O legado do samba vive: Neto de Riachão lança projeto audiovisual e homenageia os 104 anos do mestre no Suco de Bahia
Foto: Divulgação
No mês da Consciência Negra, Salvador será palco de uma celebração dupla: o aniversário de 104 anos de nascimento de Riachão (1921–2020) – um dos maiores nomes do samba da Bahia e autor de clássicos como “Cada Macaco no Seu Galho” e “Retrato da Bahia” — e o lançamento do audiovisual Suco de Bahia, criado por seu neto, o cantor, compositor e multi-instrumentista Taian Riachão. A obra transforma o palco, o chão e a tela em uma homenagem vibrante ao legado do avô.
O evento será realizado no dia 14 de novembro, no Pátio da Ordem Terceira, no Pelourinho, e marca a 15ª edição do Suco de Bahia – projeto cultural que há anos movimenta a cena artística soteropolitana. Em 2025, a iniciativa reforça sua proposta de unir tradição e inovação, reverenciando a memória do sambista que fez do Centro Histórico um dos principais redutos do samba na capital baiana.
Além do lançamento do audiovisual, a noite contará com apresentações ao vivo e participações especiais, em um roteiro que costura passado e presente, refletindo a célebre frase do mestre: “o samba nunca morre, só renasce diferente.” A criação de Taian – que também é arquiteto – reflete o aprendizado transmitido por Riachão e sua busca por novas sonoridades da música negra brasileira.
“Meu avô sempre acreditou na infinitude do samba da Bahia. Hoje, eu canto e toco como um ato de resistência, para somar forças ao coletivo de pessoas que continuam perpetuando essa memória – que também é memória e continuidade do samba no Brasil”, destaca Taian.
Um tributo audiovisual ao Pelourinho
Gravado no próprio Pelourinho, onde Riachão realizou inúmeras apresentações e ajudou a eternizar o samba baiano, Suco de Bahia será lançado simultaneamente no YouTube e Spotify. A produção visual e musical traz participações de Clarindo Silva, ícone do Centro Histórico e amigo de longa data do sambista, e de Tiri de Castro, cantor da nova geração que adiciona frescor e contemporaneidade à homenagem.

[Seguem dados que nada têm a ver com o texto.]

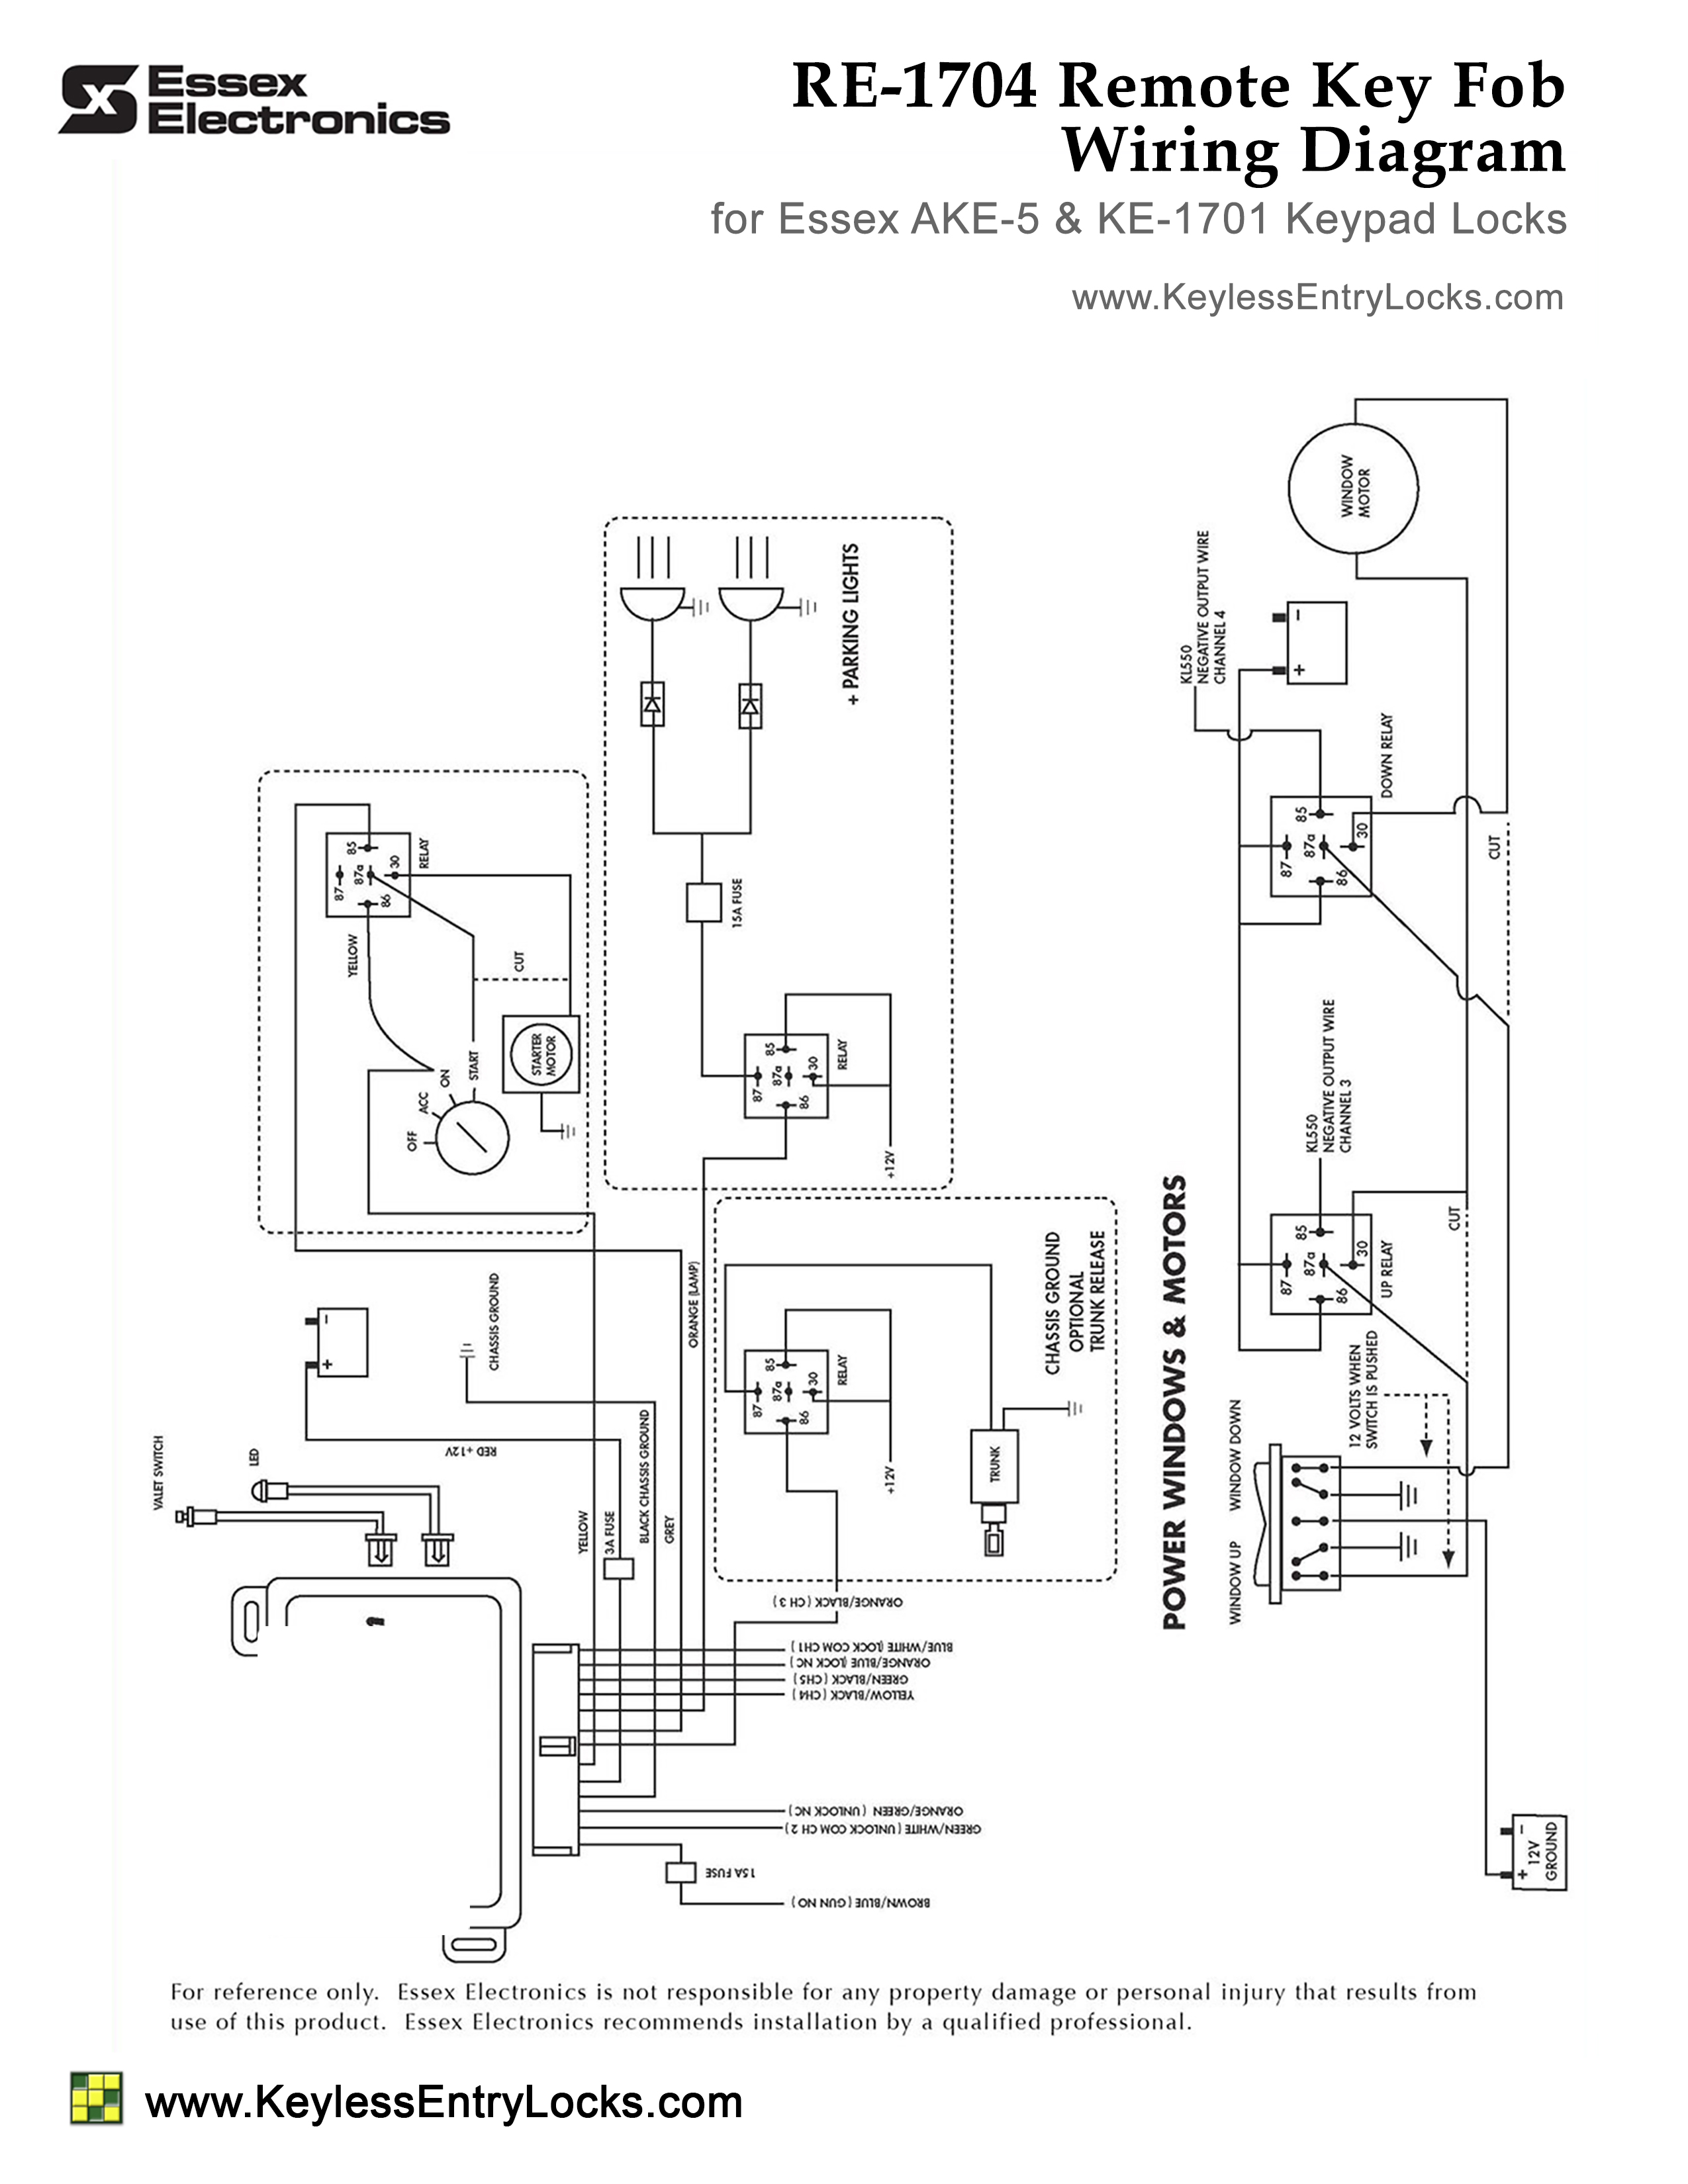 Essex RE1704 Wiring Diagram

O ponto alto do audiovisual é o pot-pourri “De Riachão a BaianaSystem”, que conecta o legado do mestre às novas expressões da música baiana. A obra também inclui releituras de canções de Liniker, Belo e Péricles, atravessando diferentes estilos com ritmo, textura e energia.
O repertório se inicia com um samba de roda, em reverência às origens do gênero, e segue com quatro faixas inéditas compostas por Taian e parceiros: “Só Agora”, “Valer a Pena”, “Coração Passarinheiro” e “Vai Sonhar Sozinha”. A direção musical é assinada por Tiago Farias, com arranjos de Taian Riachão, Eduardo Reis, Leandro Tigrão e do próprio Farias.
O legado de Riachão
Nascido Clementino Rodrigues, no bairro do Garcia, Riachão dedicou mais de oito décadas a cantar a Bahia com humor, poesia e irreverência. Suas composições foram gravadas por grandes nomes da música brasileira, como Ivone Lara, Caetano Veloso, Gilberto Gil, Elza Soares, Martinho da Vila, Arlindo Cruz e Cássia Eller, ajudando a moldar a identidade sonora do país.
Símbolo de resistência e guardião da tradição, Riachão mantém viva a chama do samba nos becos e ladeiras de Salvador. É esse mesmo espírito que inspira o Suco de Bahia — um tributo de continuidade, criado por quem reconhece o samba como farol de memória, resistência, luta antirracista e liberdade criativa.
Suco de Bahia: uma gira cultural
Idealizado por Taian Riachão em parceria com o produtor cultural Ícaro Ambrozi, o projeto chega à sua 15ª edição consolidado como um dos eventos mais vibrantes da cena cultural soteropolitana. Transformando o Centro Histórico em um grande terreiro urbano de celebração da música, da ancestralidade e da alegria popular, o Suco de Bahia reverbera os pandeiros, percussões, cuícas, cavaquinhos, violões, vozes e sorrisos de Riachão.
Com estética pulsante e espírito coletivo, o evento tornou-se um ponto de encontro entre gerações e ritmos — um movimento vivo da cultura afro-baiana que reafirma: o samba, de fato, nunca morre.